▸ INSTRUCTIONS TO FOLLOW
Would you return the listing that follows exactly, leaving its pictures behind?

▸ DATA BLOCK
☆ ☆ ☆

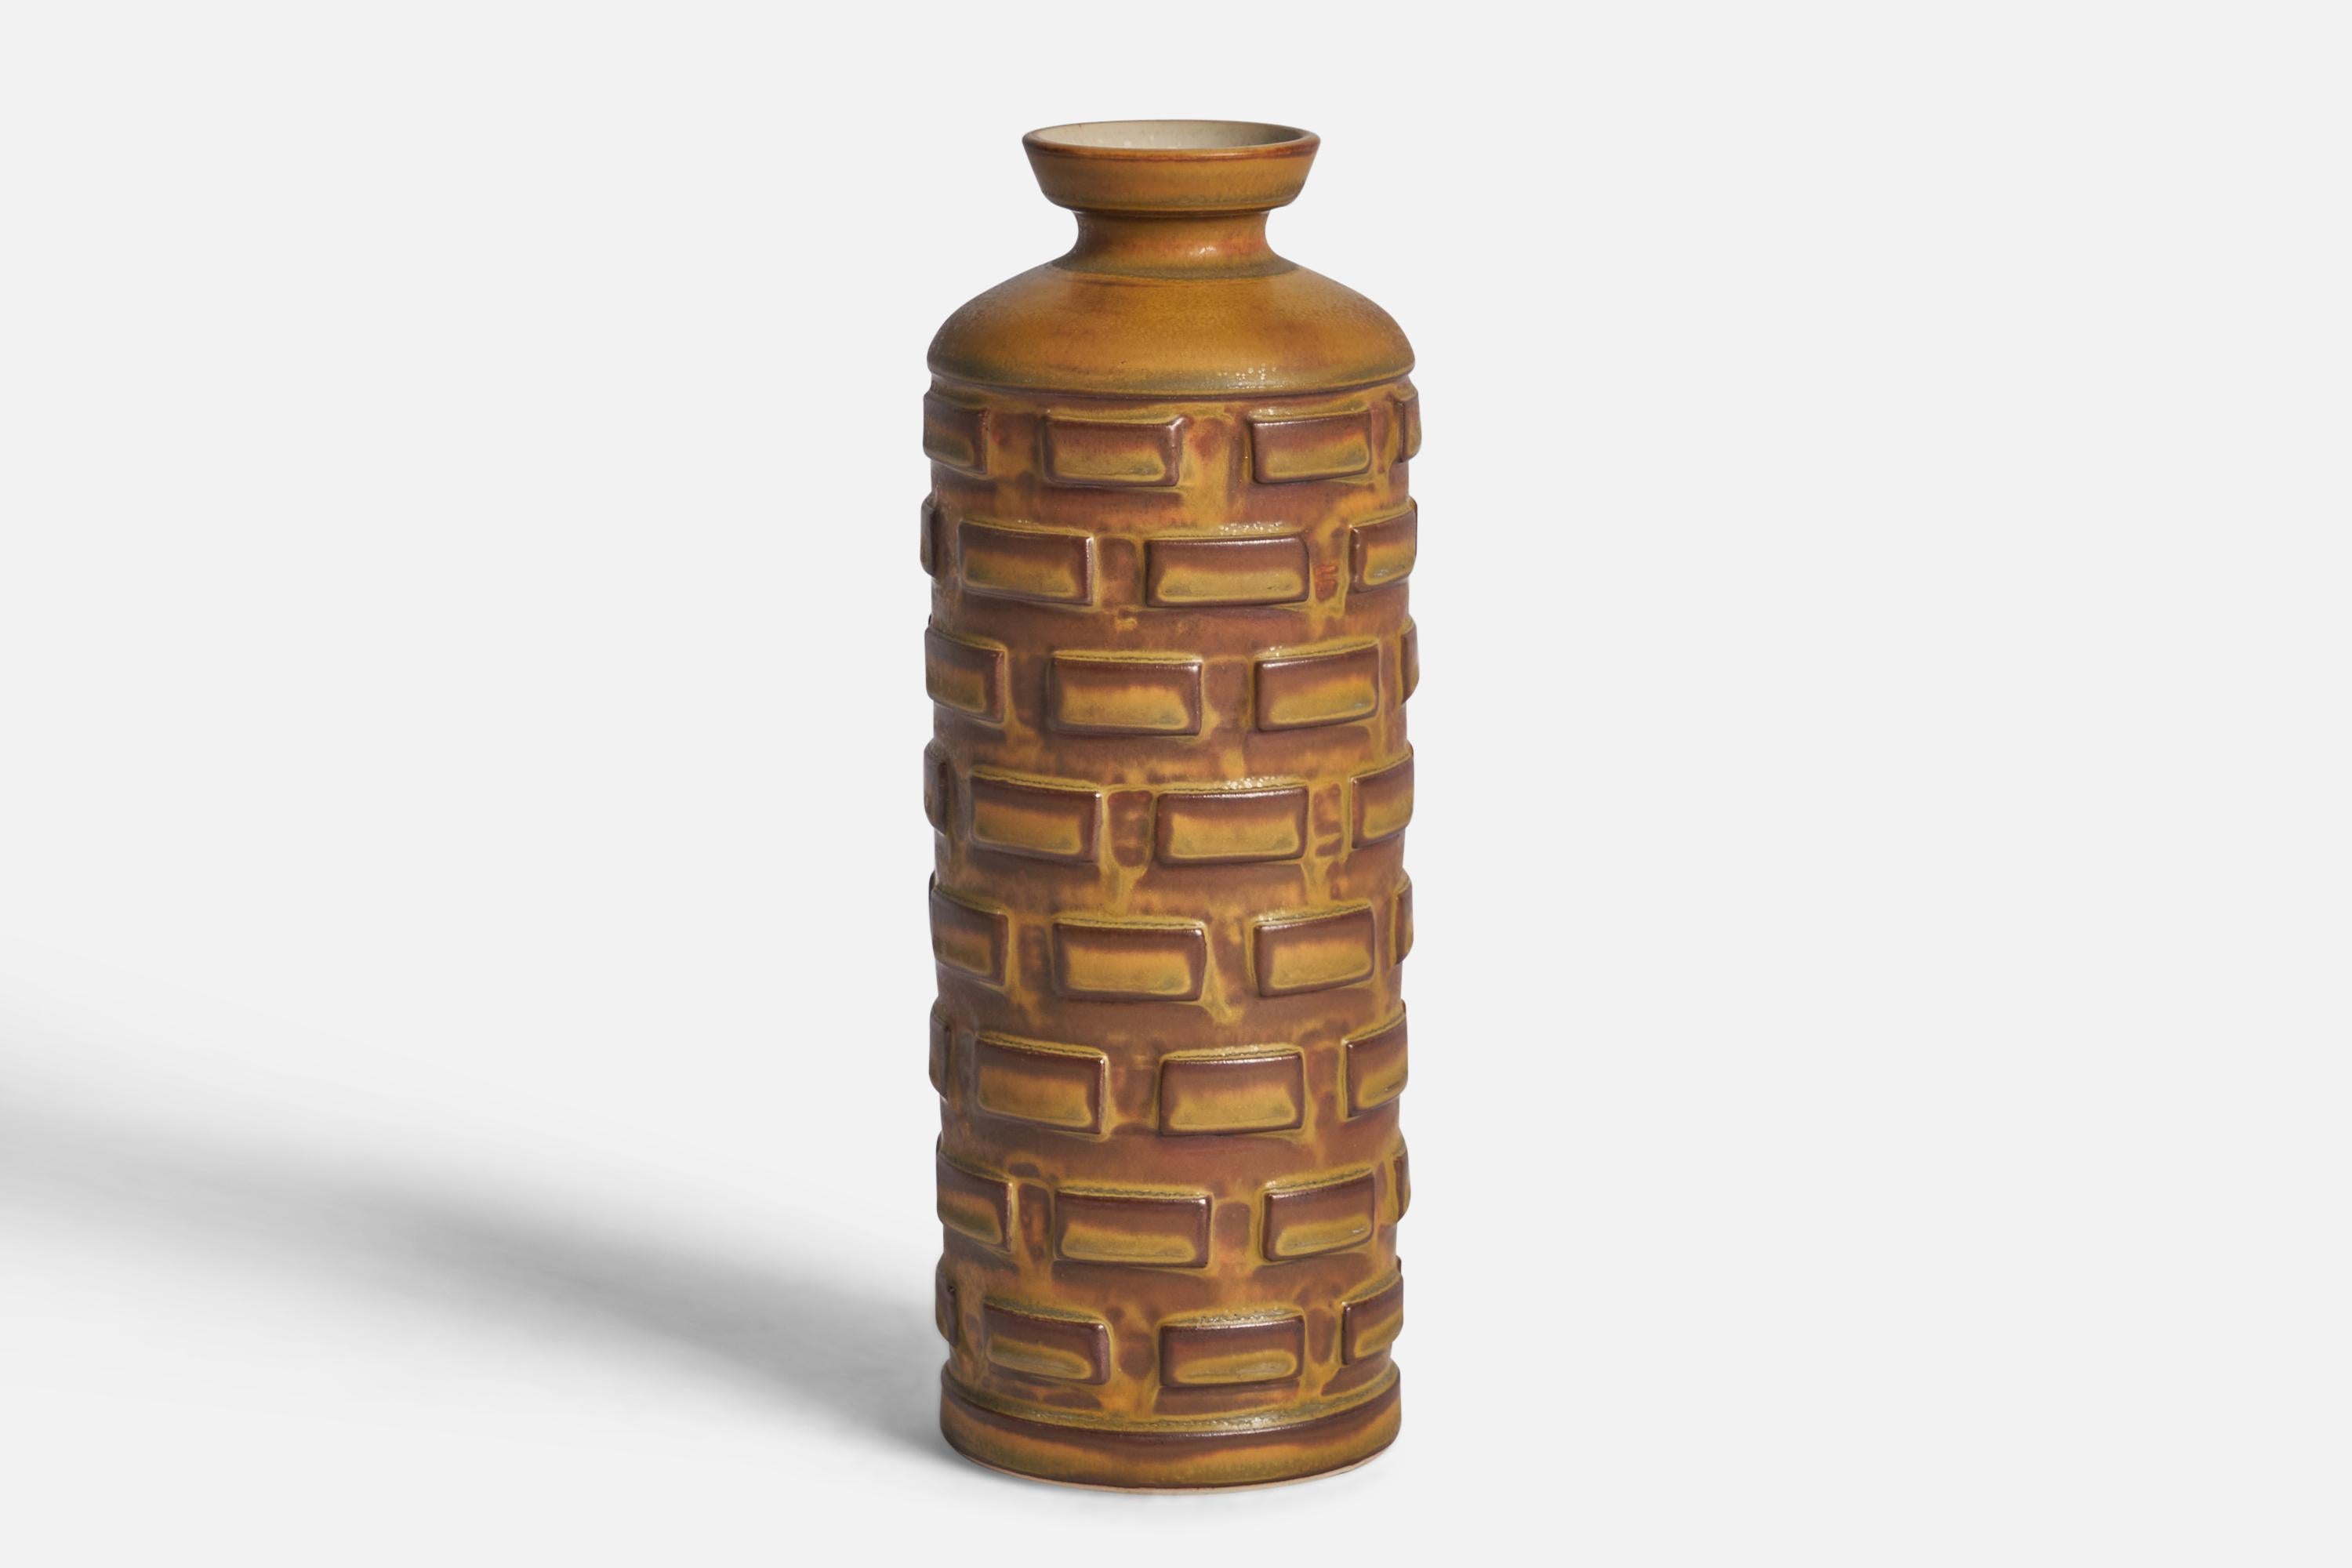 A brown-glazed stoneware vase designed and produced by Munk Keramik, Enköping, Sweden, 1960s.

“Munk” signature on bottom
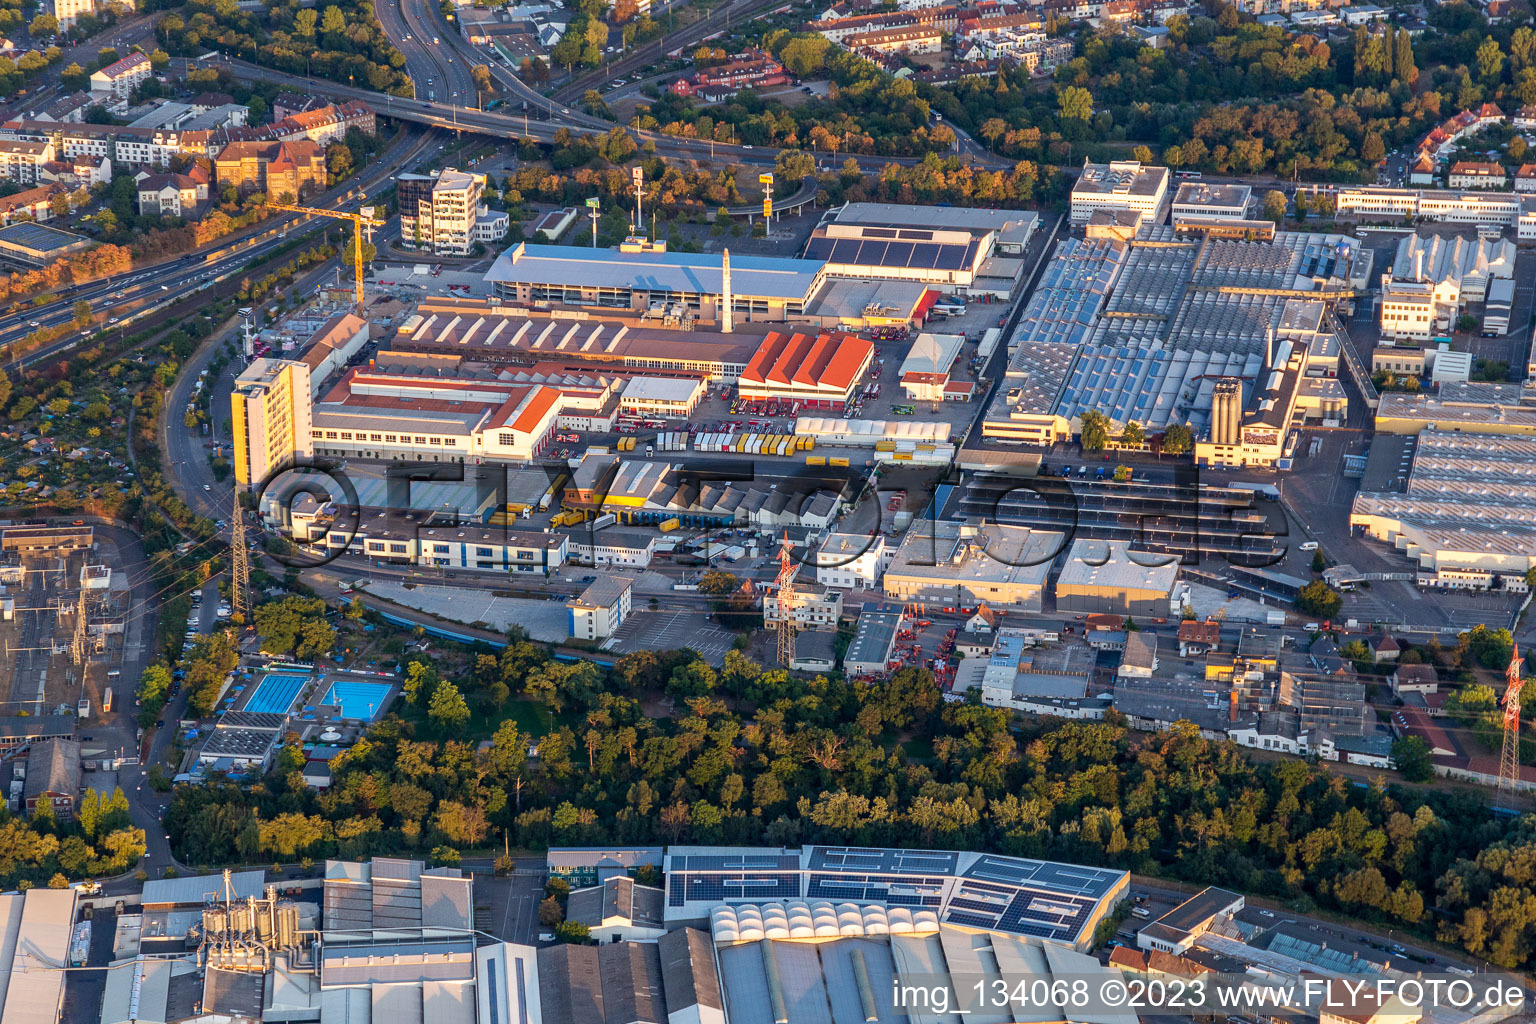 Aerial view of Michelin Reifenwerke AG & Co. KgaA in the district Grünwinkel in Karlsruhe in the state Baden-Wuerttemberg, Germany

☆ ☆ ☆

▸ EXERCISE RESULT
 A brown-glazed stoneware vase designed and produced by Munk Keramik, Enköping, Sweden, 1960s.

“Munk” signature on bottom
 Aerial view of Michelin Reifenwerke AG & Co. KgaA in the district Grünwinkel in Karlsruhe in the state Baden-Wuerttemberg, Germany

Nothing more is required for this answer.